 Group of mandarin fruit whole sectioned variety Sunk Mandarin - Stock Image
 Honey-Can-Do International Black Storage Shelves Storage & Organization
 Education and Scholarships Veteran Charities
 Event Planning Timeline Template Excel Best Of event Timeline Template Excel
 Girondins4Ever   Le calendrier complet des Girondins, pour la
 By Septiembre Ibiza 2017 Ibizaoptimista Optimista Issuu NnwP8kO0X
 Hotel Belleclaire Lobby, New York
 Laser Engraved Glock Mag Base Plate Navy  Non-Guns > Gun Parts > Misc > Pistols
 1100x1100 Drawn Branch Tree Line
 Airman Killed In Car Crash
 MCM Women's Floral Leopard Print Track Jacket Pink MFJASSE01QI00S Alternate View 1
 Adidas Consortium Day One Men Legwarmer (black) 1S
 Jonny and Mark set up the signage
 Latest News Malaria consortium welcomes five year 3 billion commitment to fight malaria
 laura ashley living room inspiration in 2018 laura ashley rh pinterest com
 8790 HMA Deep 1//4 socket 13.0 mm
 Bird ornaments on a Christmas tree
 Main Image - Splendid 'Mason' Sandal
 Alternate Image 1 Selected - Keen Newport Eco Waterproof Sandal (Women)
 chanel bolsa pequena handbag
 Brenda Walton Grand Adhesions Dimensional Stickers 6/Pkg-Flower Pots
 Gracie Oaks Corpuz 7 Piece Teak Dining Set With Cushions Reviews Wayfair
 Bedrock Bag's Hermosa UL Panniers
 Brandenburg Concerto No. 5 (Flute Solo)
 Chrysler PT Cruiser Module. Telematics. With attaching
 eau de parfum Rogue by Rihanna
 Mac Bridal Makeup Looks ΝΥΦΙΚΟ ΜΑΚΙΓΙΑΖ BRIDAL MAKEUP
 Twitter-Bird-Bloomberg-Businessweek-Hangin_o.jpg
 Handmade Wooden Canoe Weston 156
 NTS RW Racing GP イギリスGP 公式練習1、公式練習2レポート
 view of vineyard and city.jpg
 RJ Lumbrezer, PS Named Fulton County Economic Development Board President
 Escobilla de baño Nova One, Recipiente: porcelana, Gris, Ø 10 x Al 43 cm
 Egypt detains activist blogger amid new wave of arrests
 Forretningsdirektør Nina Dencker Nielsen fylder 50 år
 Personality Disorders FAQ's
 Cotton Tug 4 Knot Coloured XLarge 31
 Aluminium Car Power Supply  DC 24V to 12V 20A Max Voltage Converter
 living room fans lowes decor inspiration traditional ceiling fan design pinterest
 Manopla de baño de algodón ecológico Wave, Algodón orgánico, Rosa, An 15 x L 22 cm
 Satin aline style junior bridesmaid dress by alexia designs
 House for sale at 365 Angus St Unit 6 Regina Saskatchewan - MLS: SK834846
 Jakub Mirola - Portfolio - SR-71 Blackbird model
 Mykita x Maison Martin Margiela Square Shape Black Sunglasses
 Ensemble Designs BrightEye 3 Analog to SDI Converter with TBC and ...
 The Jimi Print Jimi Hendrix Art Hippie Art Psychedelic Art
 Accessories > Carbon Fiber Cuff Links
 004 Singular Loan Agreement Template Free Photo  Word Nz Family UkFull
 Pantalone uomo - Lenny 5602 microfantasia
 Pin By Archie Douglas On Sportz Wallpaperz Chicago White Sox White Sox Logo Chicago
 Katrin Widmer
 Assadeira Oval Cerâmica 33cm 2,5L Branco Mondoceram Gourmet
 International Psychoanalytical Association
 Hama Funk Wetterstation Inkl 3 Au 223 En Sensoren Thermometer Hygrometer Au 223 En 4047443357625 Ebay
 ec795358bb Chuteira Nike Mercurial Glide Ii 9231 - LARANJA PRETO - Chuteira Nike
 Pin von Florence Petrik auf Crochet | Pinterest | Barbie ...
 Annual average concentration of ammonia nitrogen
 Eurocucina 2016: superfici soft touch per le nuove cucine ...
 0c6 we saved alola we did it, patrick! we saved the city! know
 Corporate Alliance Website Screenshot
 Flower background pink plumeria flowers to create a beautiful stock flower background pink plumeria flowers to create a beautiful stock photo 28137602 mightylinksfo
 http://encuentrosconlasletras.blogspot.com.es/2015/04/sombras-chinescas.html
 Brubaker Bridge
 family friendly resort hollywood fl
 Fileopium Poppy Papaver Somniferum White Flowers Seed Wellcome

Task objective -
Output only the lines from the top of the entries through the one holding "Manopla de baño", copied exactly.

Exercise output -
 Group of mandarin fruit whole sectioned variety Sunk Mandarin - Stock Image
 Honey-Can-Do International Black Storage Shelves Storage & Organization
 Education and Scholarships Veteran Charities
 Event Planning Timeline Template Excel Best Of event Timeline Template Excel
 Girondins4Ever   Le calendrier complet des Girondins, pour la
 By Septiembre Ibiza 2017 Ibizaoptimista Optimista Issuu NnwP8kO0X
 Hotel Belleclaire Lobby, New York
 Laser Engraved Glock Mag Base Plate Navy  Non-Guns > Gun Parts > Misc > Pistols
 1100x1100 Drawn Branch Tree Line
 Airman Killed In Car Crash
 MCM Women's Floral Leopard Print Track Jacket Pink MFJASSE01QI00S Alternate View 1
 Adidas Consortium Day One Men Legwarmer (black) 1S
 Jonny and Mark set up the signage
 Latest News Malaria consortium welcomes five year 3 billion commitment to fight malaria
 laura ashley living room inspiration in 2018 laura ashley rh pinterest com
 8790 HMA Deep 1//4 socket 13.0 mm
 Bird ornaments on a Christmas tree
 Main Image - Splendid 'Mason' Sandal
 Alternate Image 1 Selected - Keen Newport Eco Waterproof Sandal (Women)
 chanel bolsa pequena handbag
 Brenda Walton Grand Adhesions Dimensional Stickers 6/Pkg-Flower Pots
 Gracie Oaks Corpuz 7 Piece Teak Dining Set With Cushions Reviews Wayfair
 Bedrock Bag's Hermosa UL Panniers
 Brandenburg Concerto No. 5 (Flute Solo)
 Chrysler PT Cruiser Module. Telematics. With attaching
 eau de parfum Rogue by Rihanna
 Mac Bridal Makeup Looks ΝΥΦΙΚΟ ΜΑΚΙΓΙΑΖ BRIDAL MAKEUP
 Twitter-Bird-Bloomberg-Businessweek-Hangin_o.jpg
 Handmade Wooden Canoe Weston 156
 NTS RW Racing GP イギリスGP 公式練習1、公式練習2レポート
 view of vineyard and city.jpg
 RJ Lumbrezer, PS Named Fulton County Economic Development Board President
 Escobilla de baño Nova One, Recipiente: porcelana, Gris, Ø 10 x Al 43 cm
 Egypt detains activist blogger amid new wave of arrests
 Forretningsdirektør Nina Dencker Nielsen fylder 50 år
 Personality Disorders FAQ's
 Cotton Tug 4 Knot Coloured XLarge 31
 Aluminium Car Power Supply  DC 24V to 12V 20A Max Voltage Converter
 living room fans lowes decor inspiration traditional ceiling fan design pinterest
 Manopla de baño de algodón ecológico Wave, Algodón orgánico, Rosa, An 15 x L 22 cm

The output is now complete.